Report

Weekly Threat Report 18th January 2019

Created:  18 Jan 2019
Updated:  18 Jan 2019
NCSC Threat Report
This report is drawn from recent open source reporting.

NASA employee data left exposed due to misconfigured app 

A misconfigured app has exposed NASA employees' personal details including their names and email address, as well as details about ongoing projects, according to a security researcher. The data was exposed for three weeks in 2018 after an administrator  set permissions in Jira incorrectly. A filter misconfiguration was also found exposing how NASA tasks and categorises projects and who oversees them.  

According to security researcher Avinash Jain, a system administrator may have misunderstood the definition of "all users" and "everyone" when assigning permissions to newly-created dashboards within the app, interpreting these terms to mean everyone within the organisation. Jain added that such access can "give an attacker an idea of what kind of information may be housed within the application and what projects team is working upon along with showing features of different projects." 

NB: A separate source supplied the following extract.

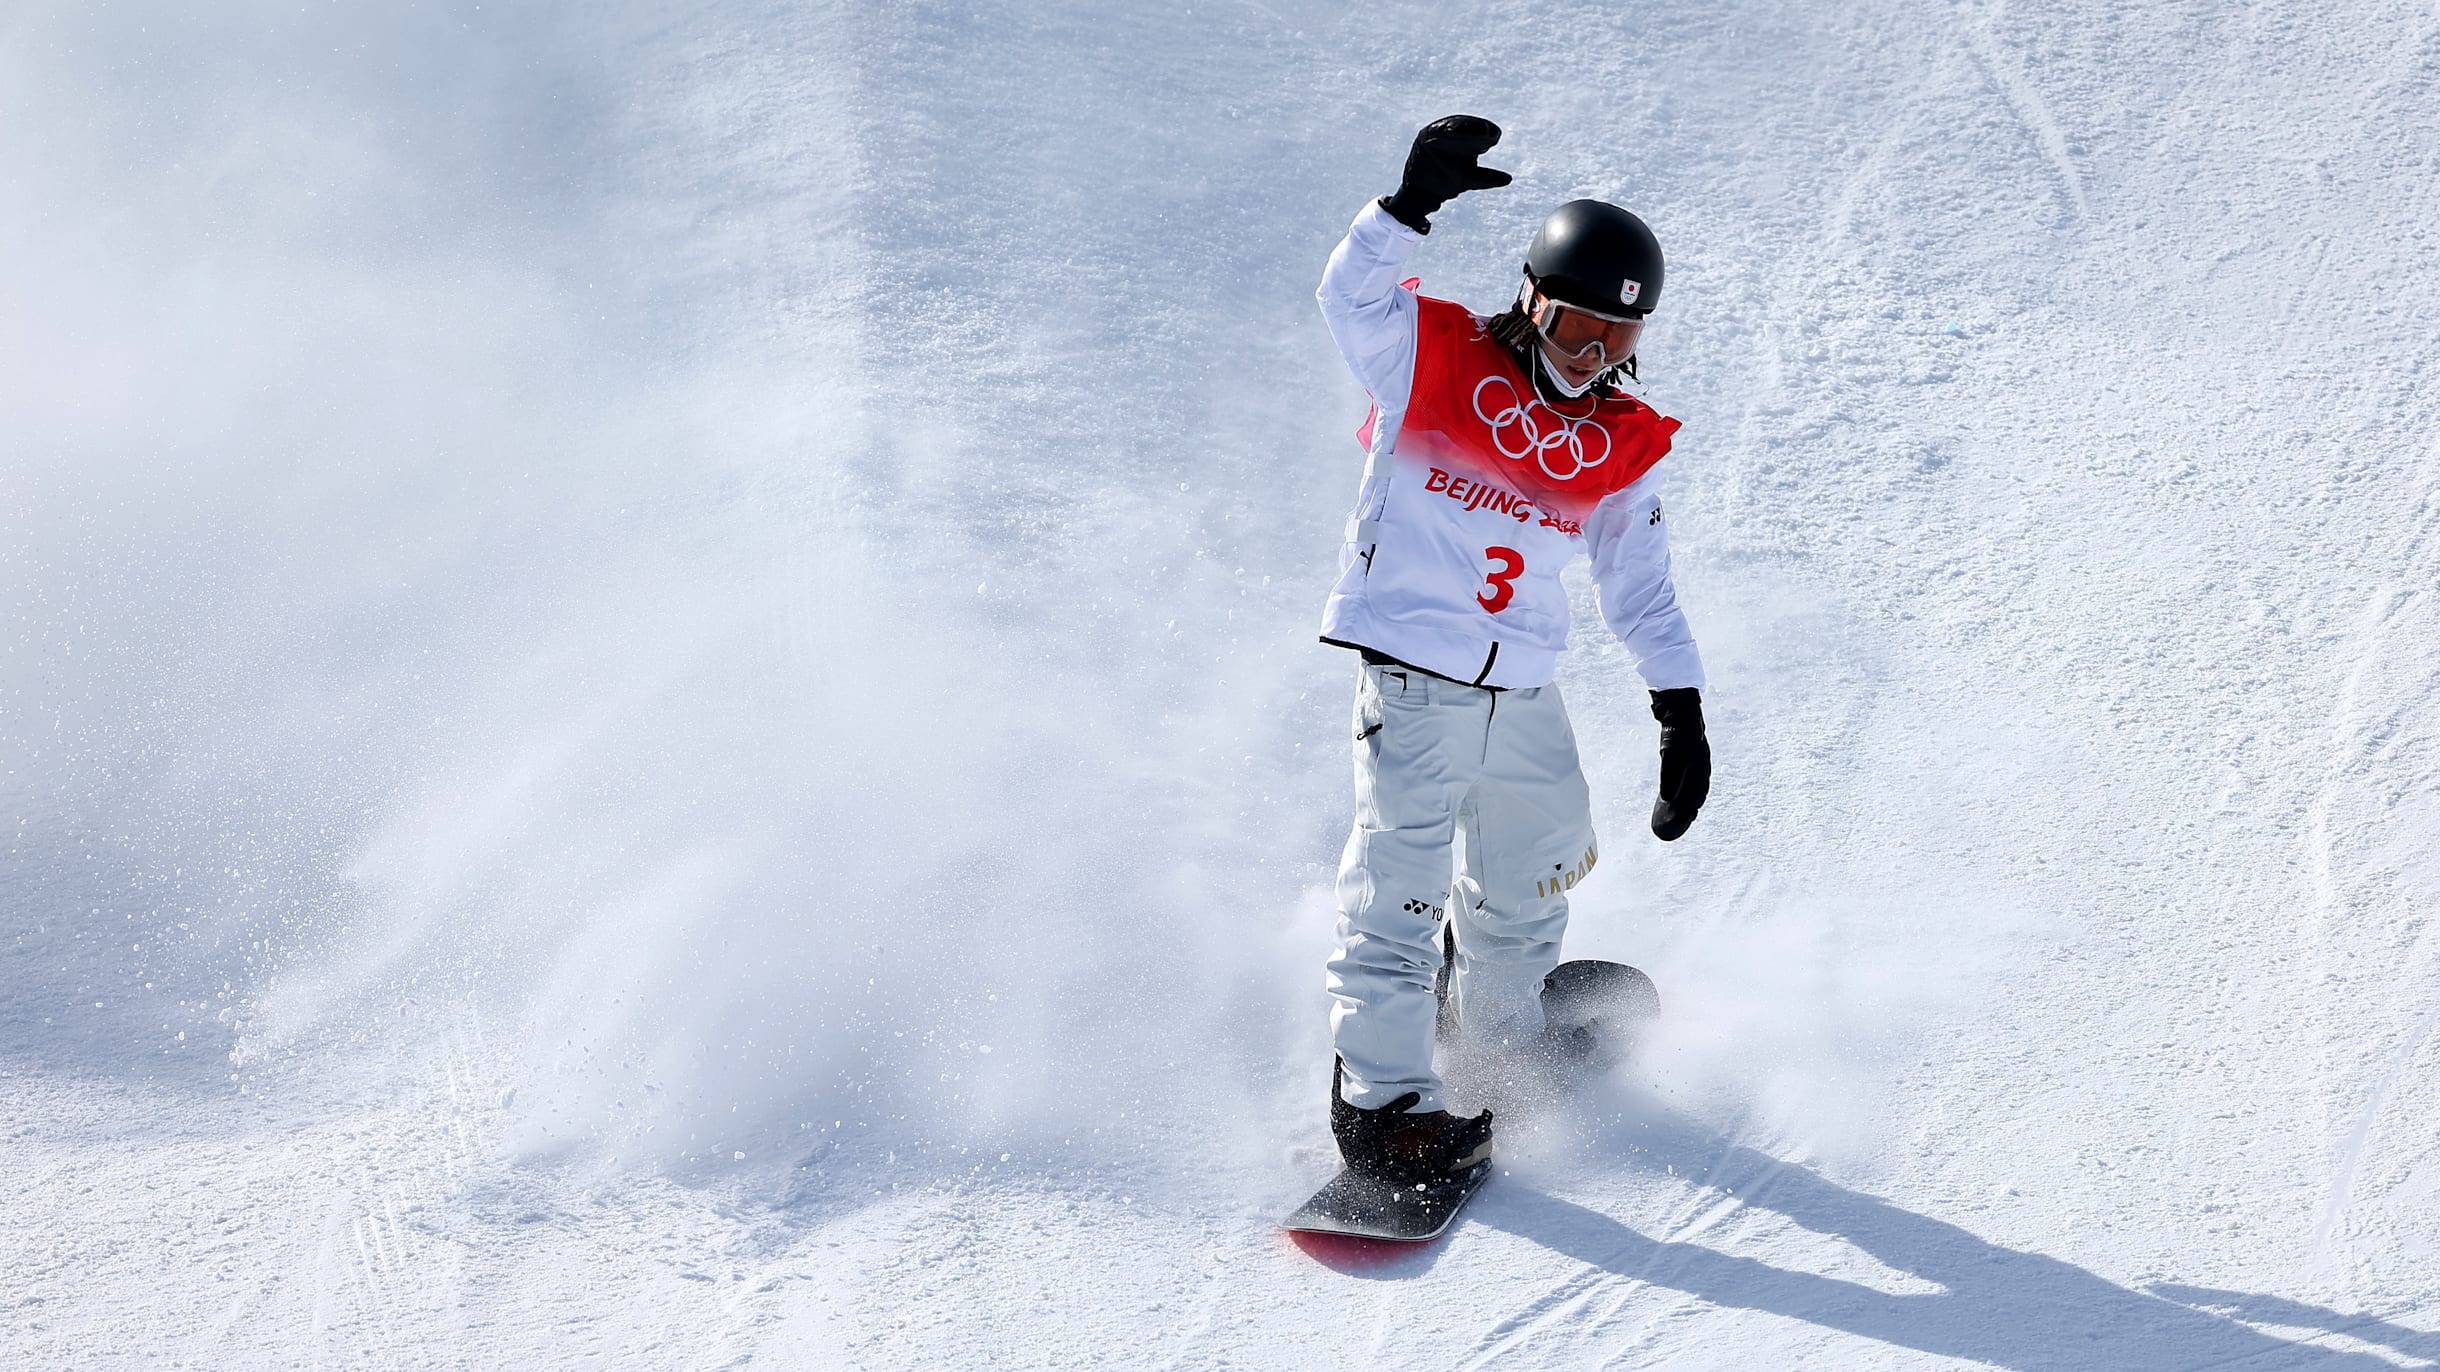 Snowboard star Hirano Ayumu I want to accomplish more than Shaun White
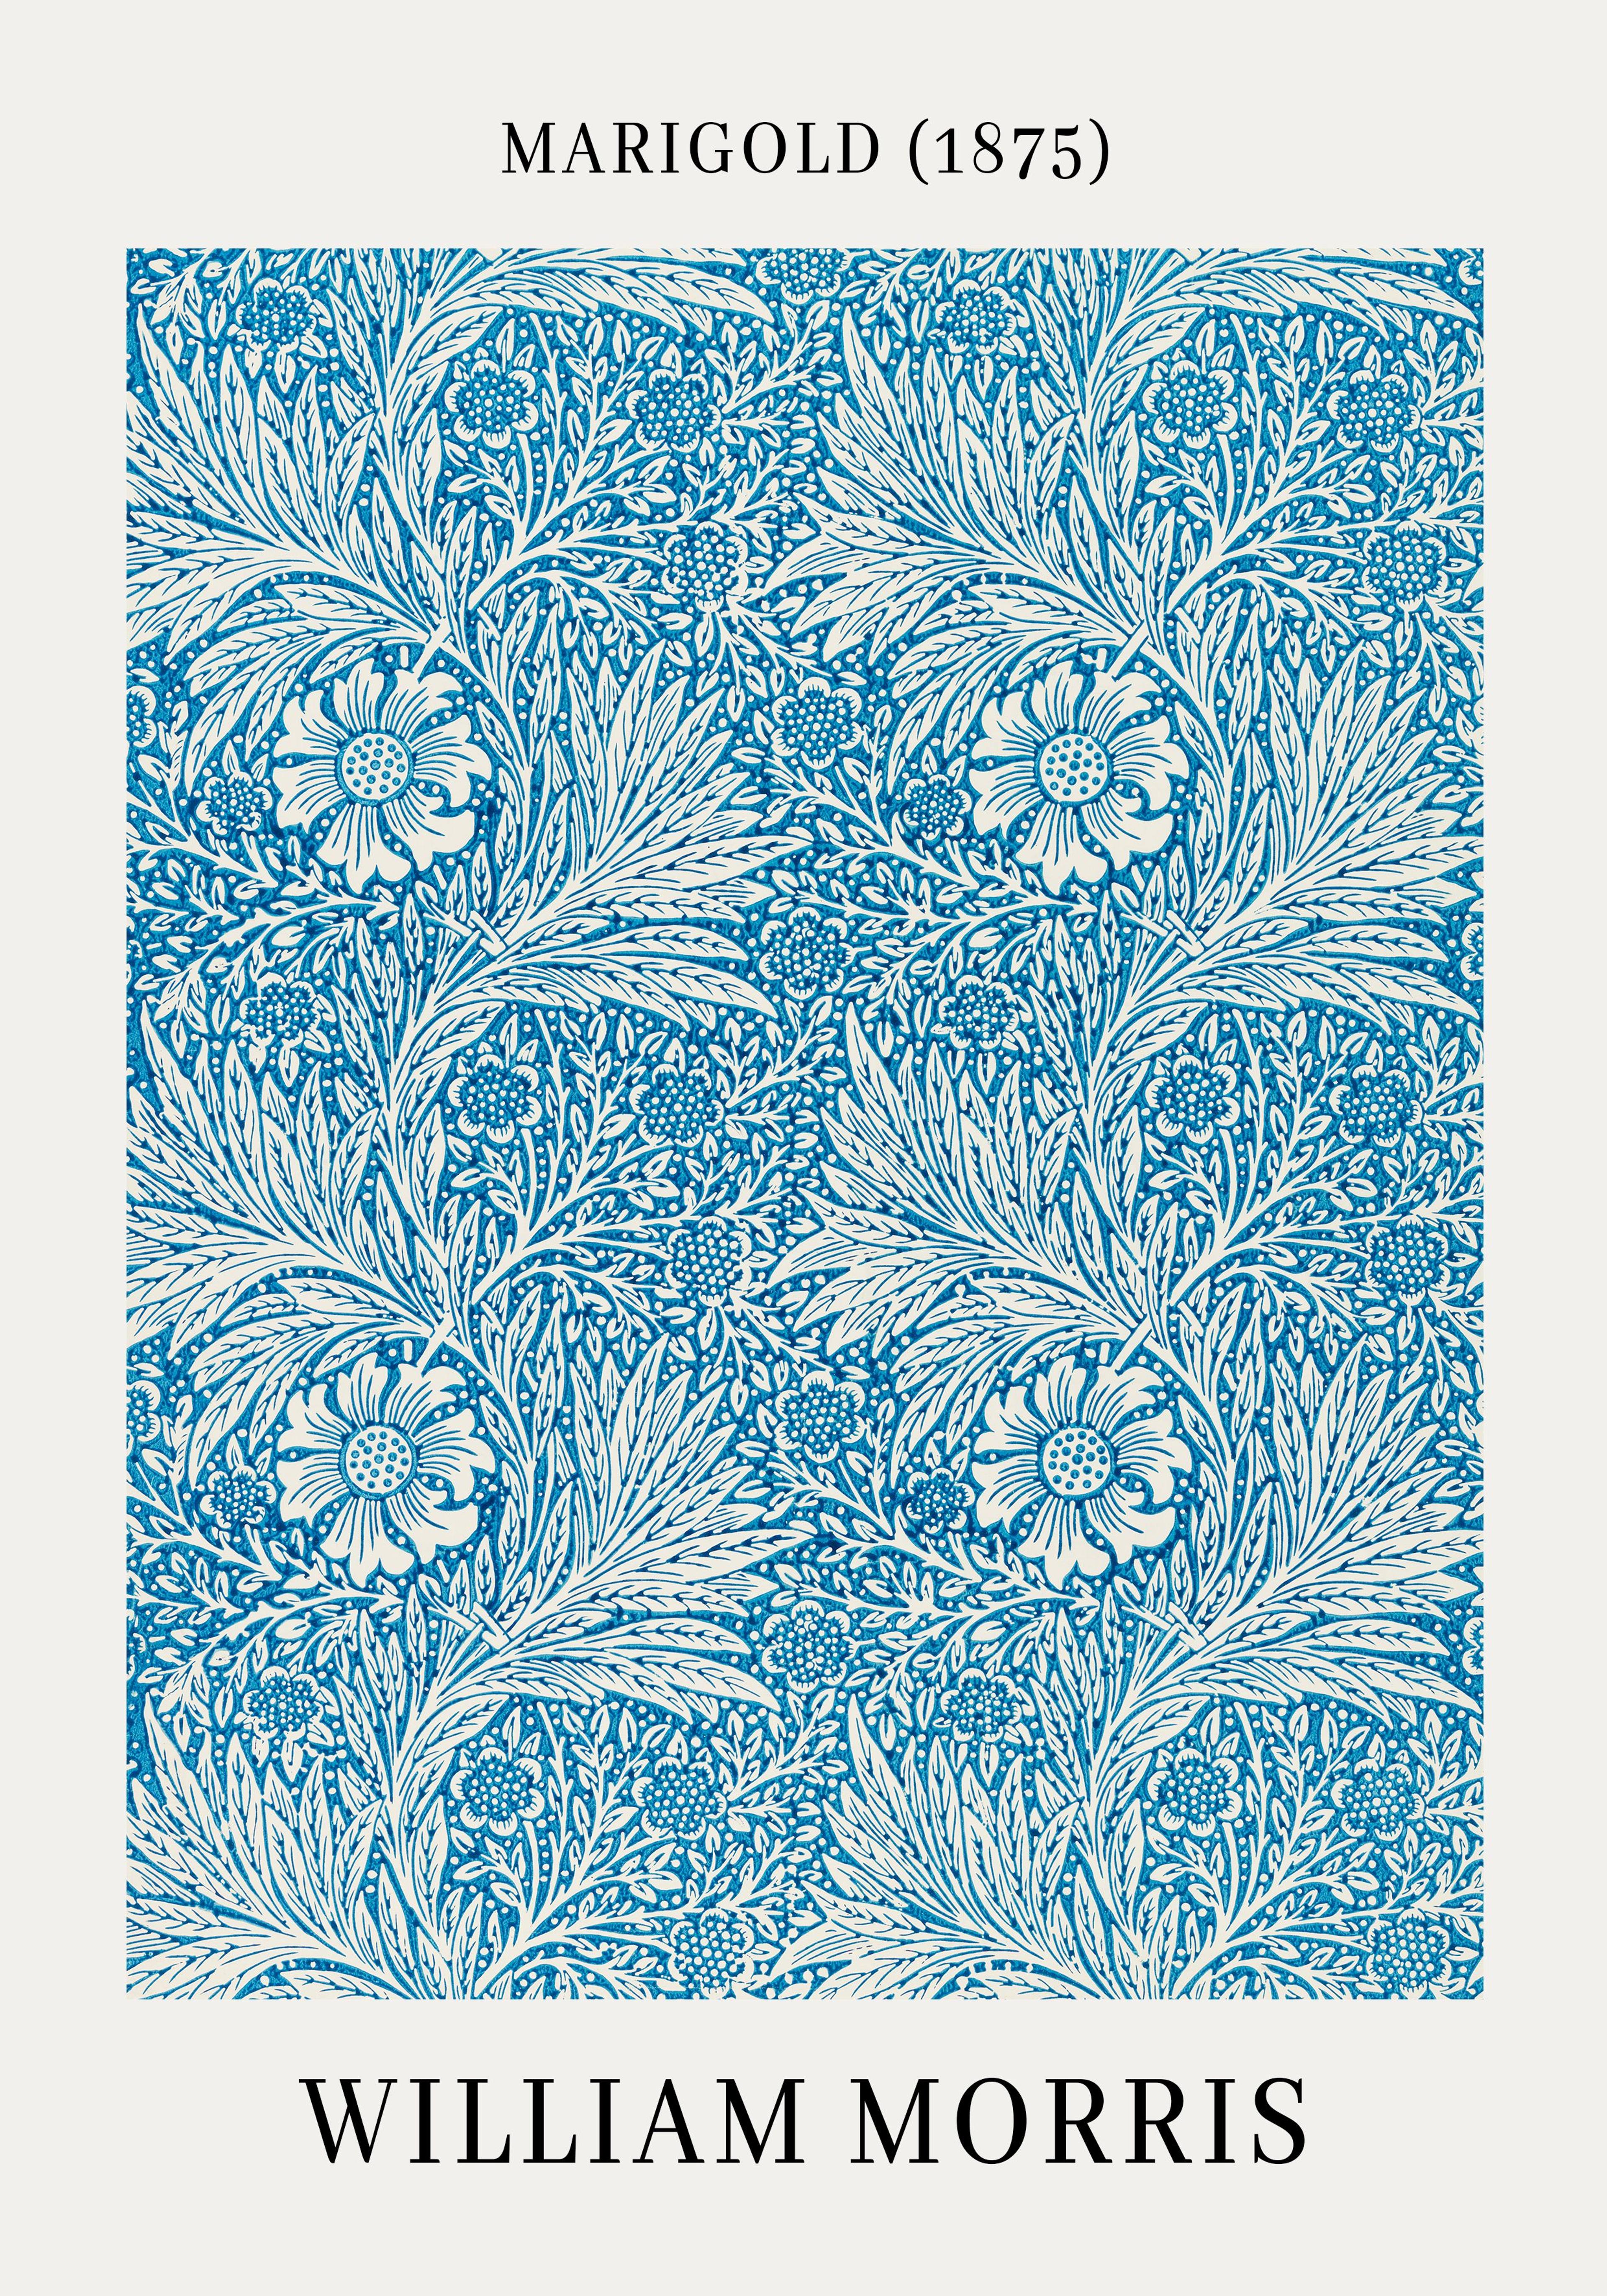 Plakat Marigold - plakat z patternem Williama Morrisa w niebieskich kolorach

He reportedly notified the NASA Security Operations Centre and US-CERT on 3rd September 2018, and was informed the issue had been resolved three weeks later, on 25th September.  

Many cloud services are intentionally designed to promote collaboration and data sharing, however accidental data breaches can occur when organisations using cloud services fail to apply the security settings needed to keep information private.   

Under old models of information security, making some data available to 'everyone' meant 'everyone within the organisation, but no-one else'. In the cloud it can mean that same thing, or by design it can mean that 'everyone on the Internet can see it'. 

The NCSC has published measures which organisations can take to make such incidents less likely, such as setting sharing to be ‘off’ by default. 


International hacker-for-hire jailed for cyber attacks on Liberian telecommunications provider 

A British cyber criminal has been jailed for conducting attacks that disrupted a Liberian telecommunications provider, resulting in losses estimated at tens of millions of US dollars. 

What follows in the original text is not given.